Texts: The Ideas of Particle Physics by Coughlan & Dodd (2nd edition)
Note: we will typically be covering 3 chapters per lecture, which is typically
about 10-15 pages.

PDG= Particle Data Booklet

class 1:
Read Part 0: pp.1-35

HW:
1) What is wrong with Fig. 3.1 p.17?
2) Practice your special relativity: old exam #11

class 2:
Read thru (including): Ch. 6 (p. 49)
If you look in Griffiths E&M p.462 Eq.11.70 (Larmor formula), you find
the formula for the total light power radiated from a (non-relativistic [NR])
accelerating charge...Most folks would write this result as:

P = (2/3) (q^2/4\pi\epsilon_0) (a^2/c^3)

Consider what happens when a light wave goes by a free, initially stationary
electron.  The light's E field will cause the electron to accelerate which will
then produce new light at the above rate.  (Note: light's B field will produce
a force --and hence an acceleration-- on a moving electron; in the NR limit
this effect is small.)  We are free to consider this new light as scattered
light from the initial wave. (Certainly conservation of energy assures us
that the incoming light must be diminished by this process.)  
The light wave has an average intensity (Watts/m^2) given by:

I= (1/2) c\epsilon_0 E_0^2

(Griffiths, p.381, Eq. 9.63) where E_0 is the light's electric field amplitude.
The scattered light power is equivalent to the light wave's power falling on
a small area (which is called the Thomson cross section of the electron).
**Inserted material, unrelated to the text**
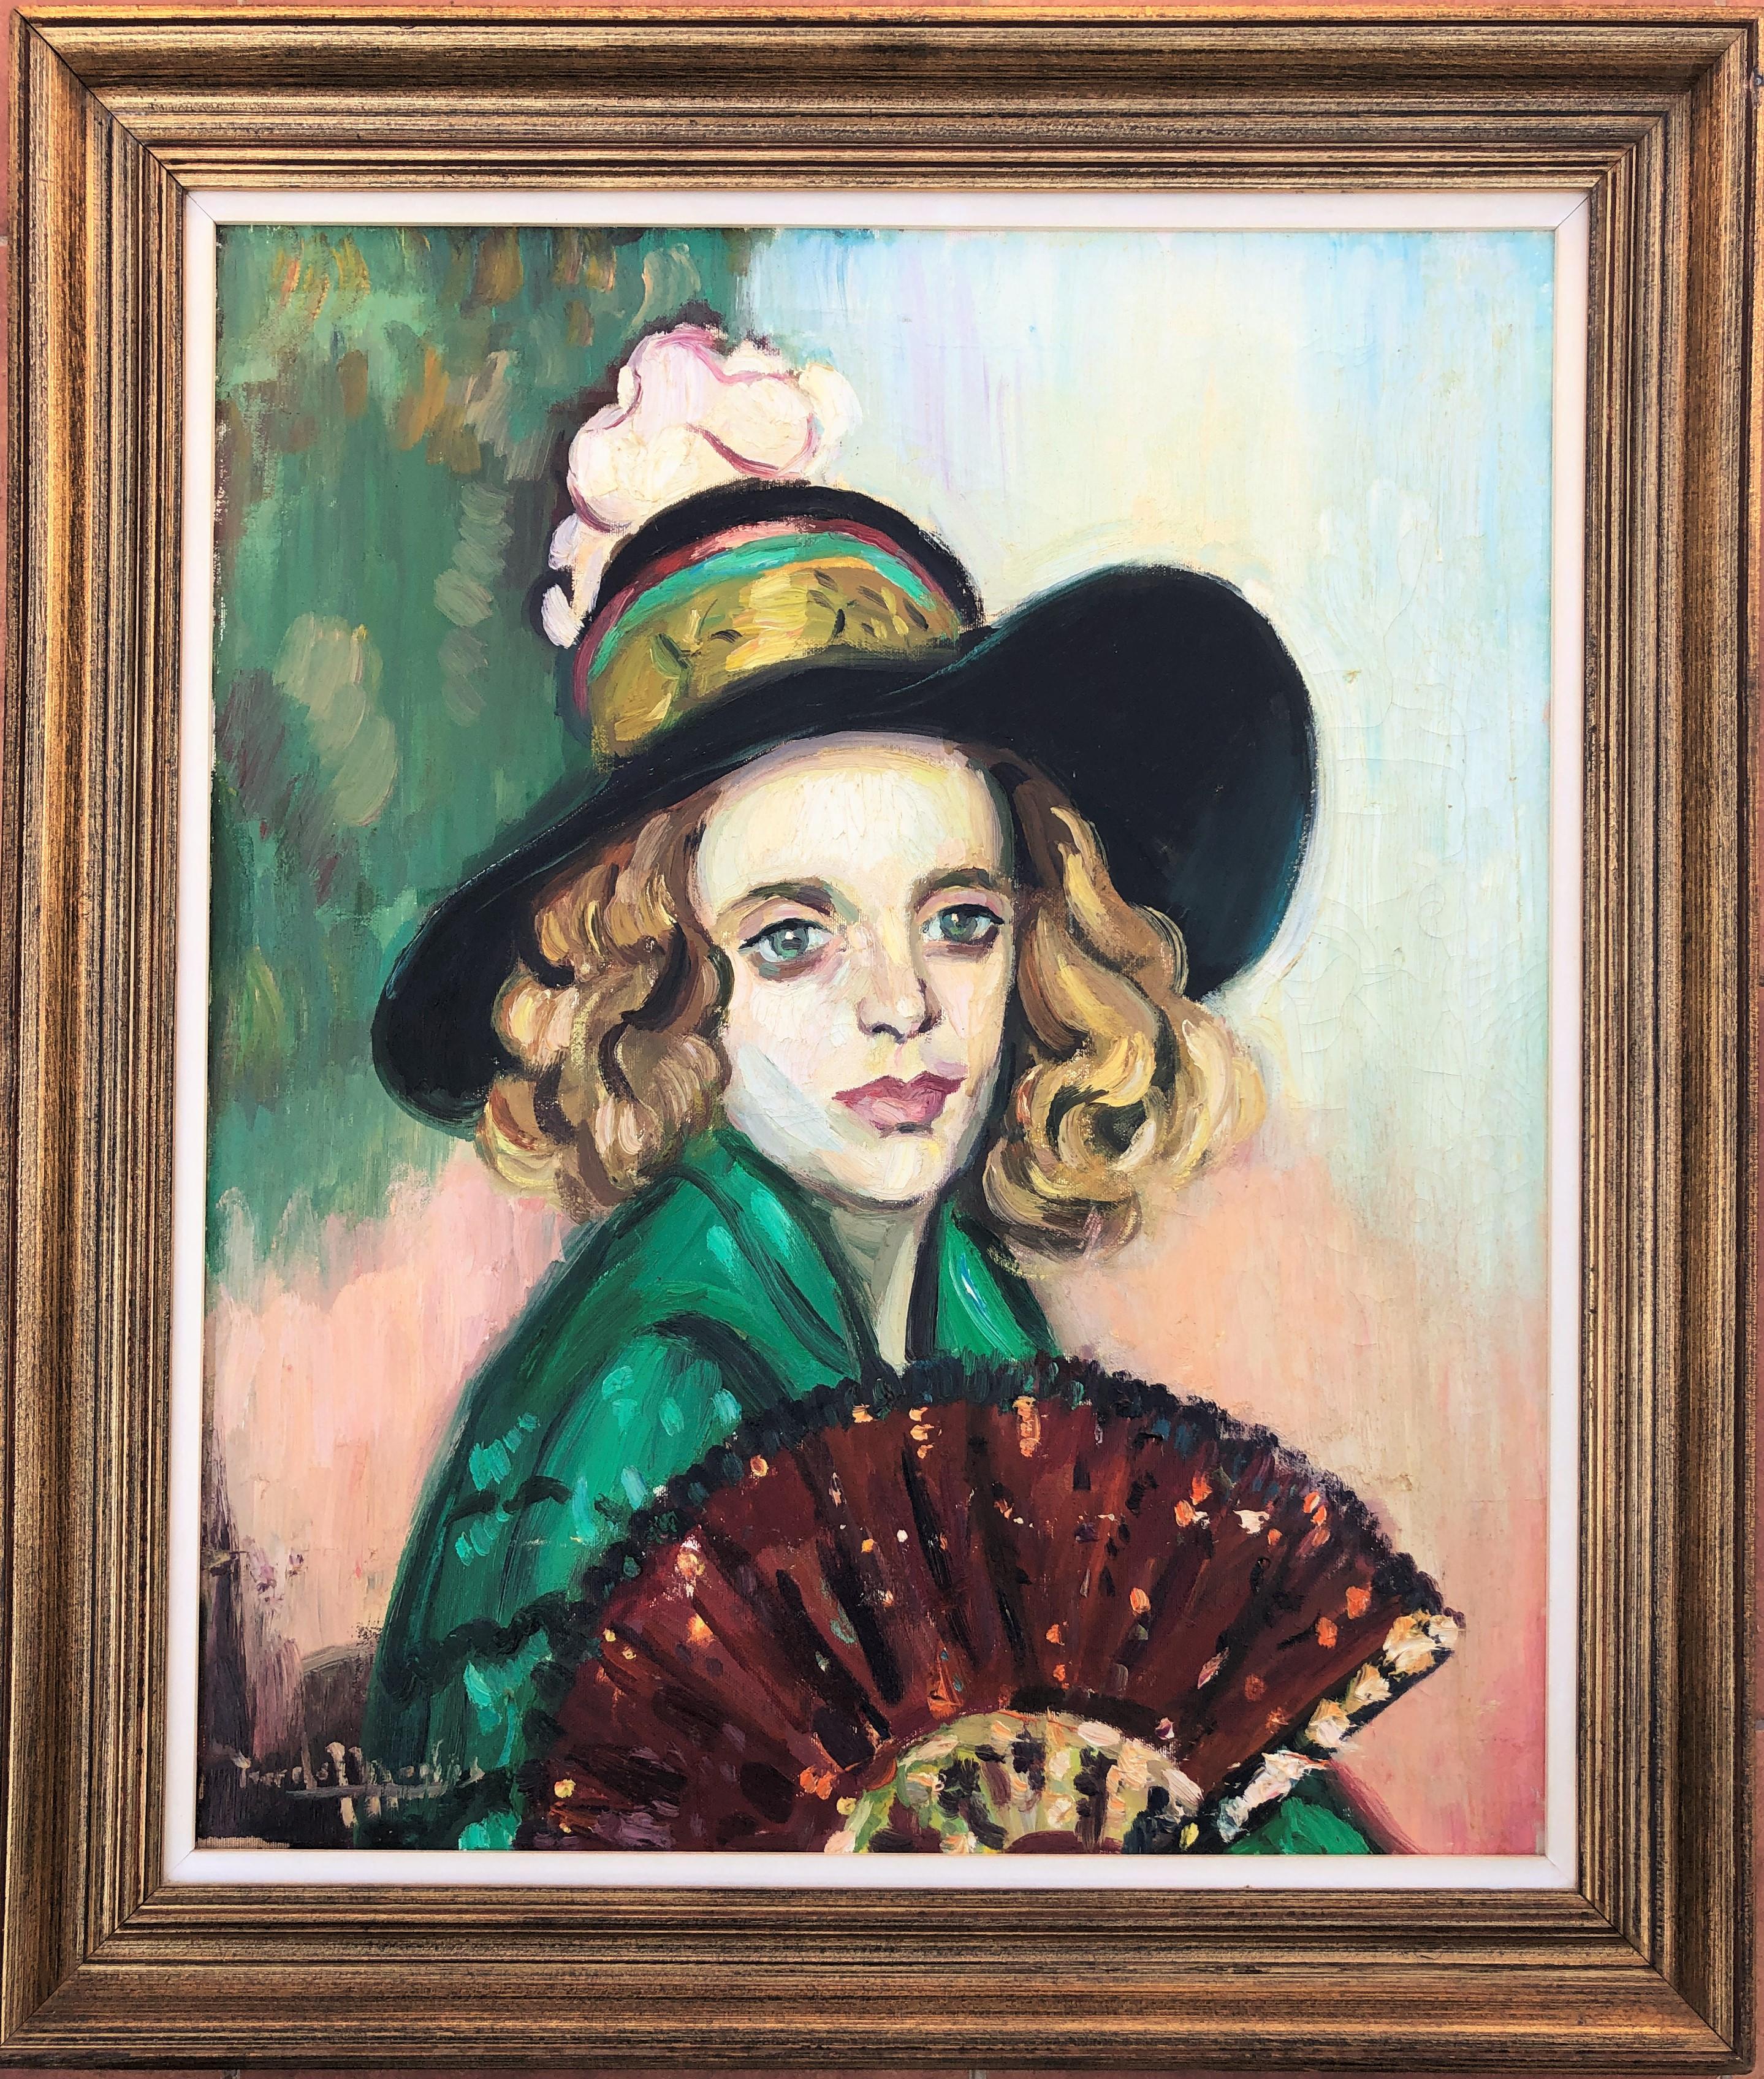 Woman with fan oil on canvas painting portrait - Painting by Mariano Tur de Montis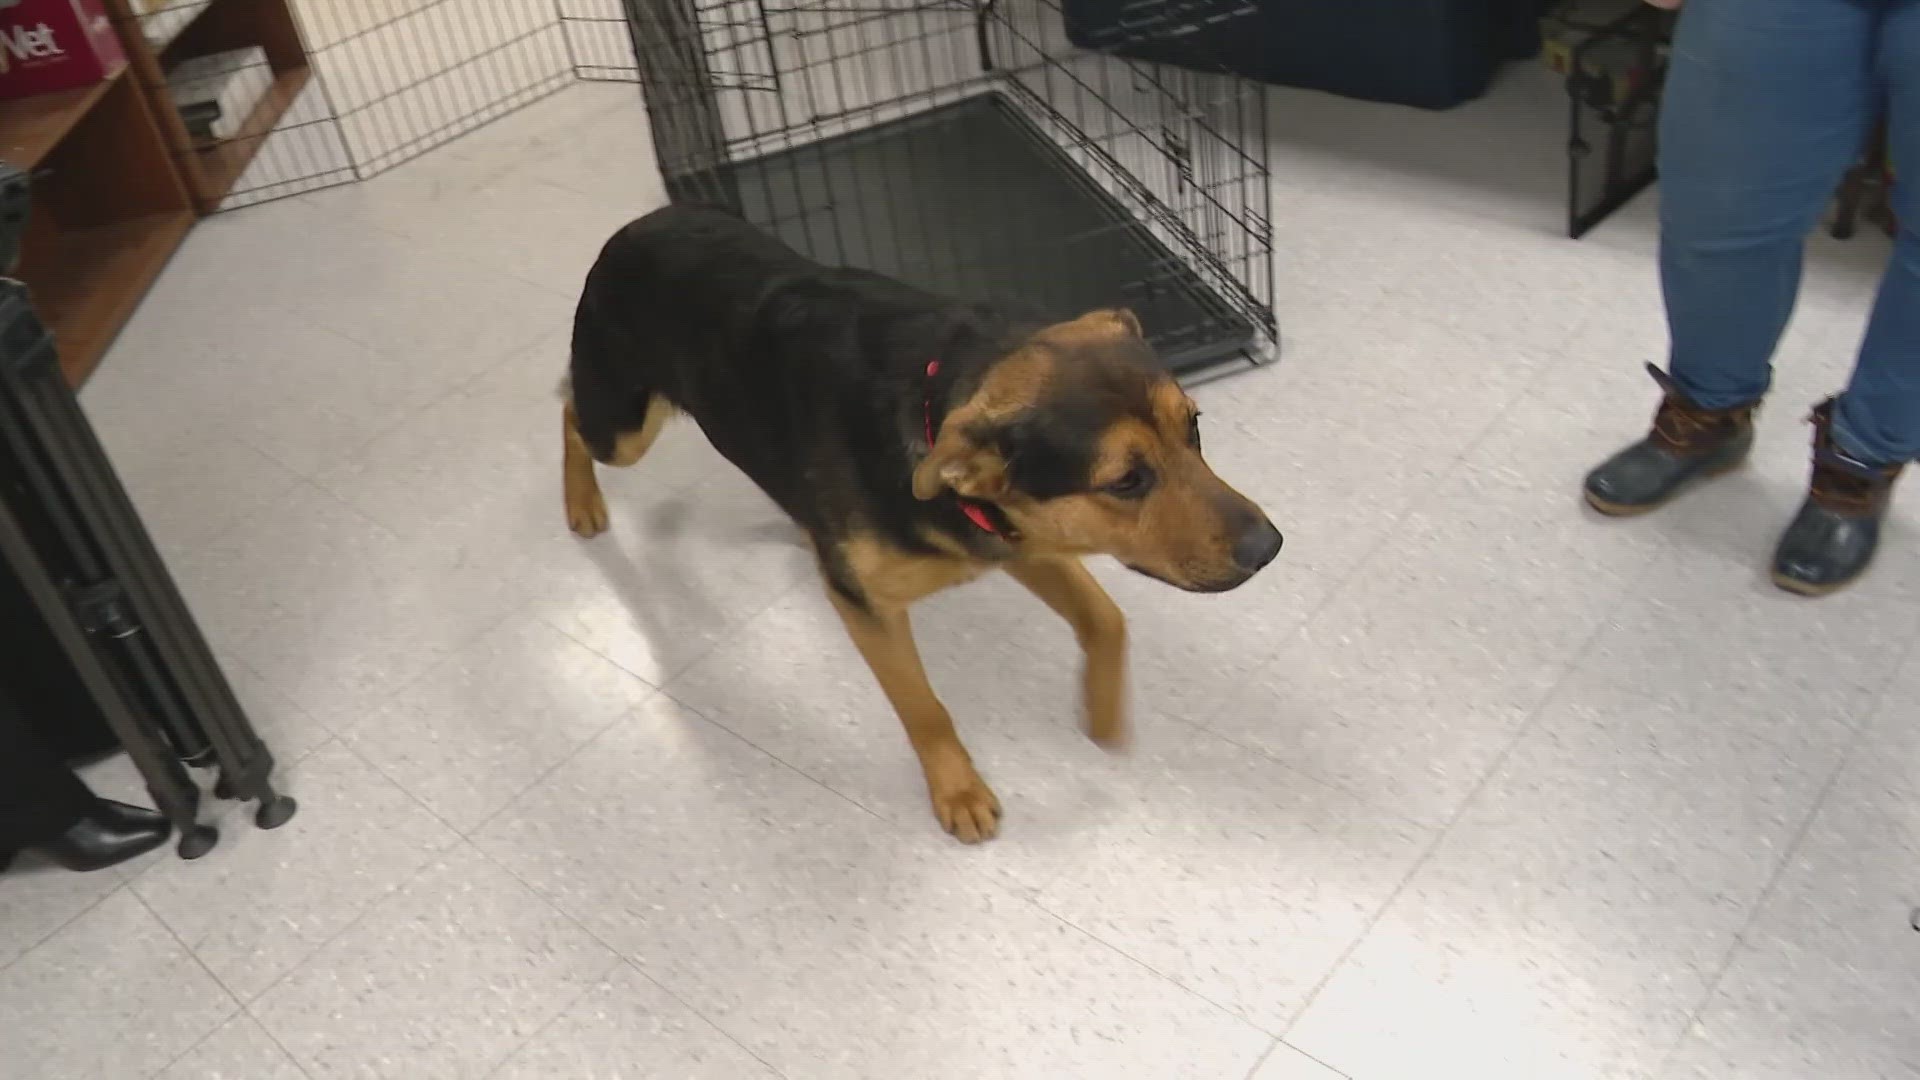 Indianapolis Animal Care Services said if dozens of animals aren't adopted this weekend, they could be forced to put dogs down.

Calculate the average radiated power due to wave caused acceleration

Calculate the Thomson cross section 

Draw a Feynman diagram that corresponds to this process

Note that E_0 should cancel out of this result.
You can find the correct result in the Physical Constants table of PDB, but
my favorite way to write the result is:

\sigma_T = (8\pi/3) \alpha^2 \lambda_e^2

where \alpha is the fine structure constant and \lambda_e is the electron's
Compton wavelength

class 3:
old exam #1
Consider the weak gauge bosons: W and Z.  Look up (and record) the mass and width of 
these particles both our the textbook's Appendix 5 and in PDB.
A) Calculate the lifetime of the W from from its width.  Assuming the W is
moving at c (but neglecting any time dilation effect), what is the range of the W
before it decays?
B) Assume the that data for the W in Appendix 5 results from sampling of a
normal distribution, with standard deviation given by the width and SDOM given by
the reported error in the mass.  How many Ws had been detected by 1991 (publication date of book)?
Make the same assumptions for the data in the 2004 PDB. How many Ws had been detected by 2004?

In the hall between our classroom and the Jacobs Ladder find the "Chart of Fundamental Particles"
(from 1969!).  Find an report a discrepancy between this chart and what we currently believe.

class 4:
old exam #13 (note the density of Carbon can be found in the PDB)

The SU(3) matrices may also be found here:
http://pdg.lbl.gov/2005/reviews/su3rpp.pdf

where: G=(1/2) \lambda

see Table 9.1 and Eq. 9.7 in handout (the structure constants fabc)
Confirm Eq. 9.7 for the last two entries in Table 9.1: f458 and f678

see Eq. 9.8...
Show that Uħ works as expected for a raising/lowering operator of T3 and Y 

class 5:
old exam #3,14,15

class 6:
Note: discussion of CP violation in PDG

consider the three state system via mathematica

Let the Hamiltonian be the real symmetric matrix:
h={{0,.01,0},{.01,1,.1},{0,.1,10}}
{{e1,e2,e3},{v1,v2,v3}}=Eigensystem[m]

Notice that the eigenvectors are real and orthonormal
Since they are real we can avoid some Conjugate[]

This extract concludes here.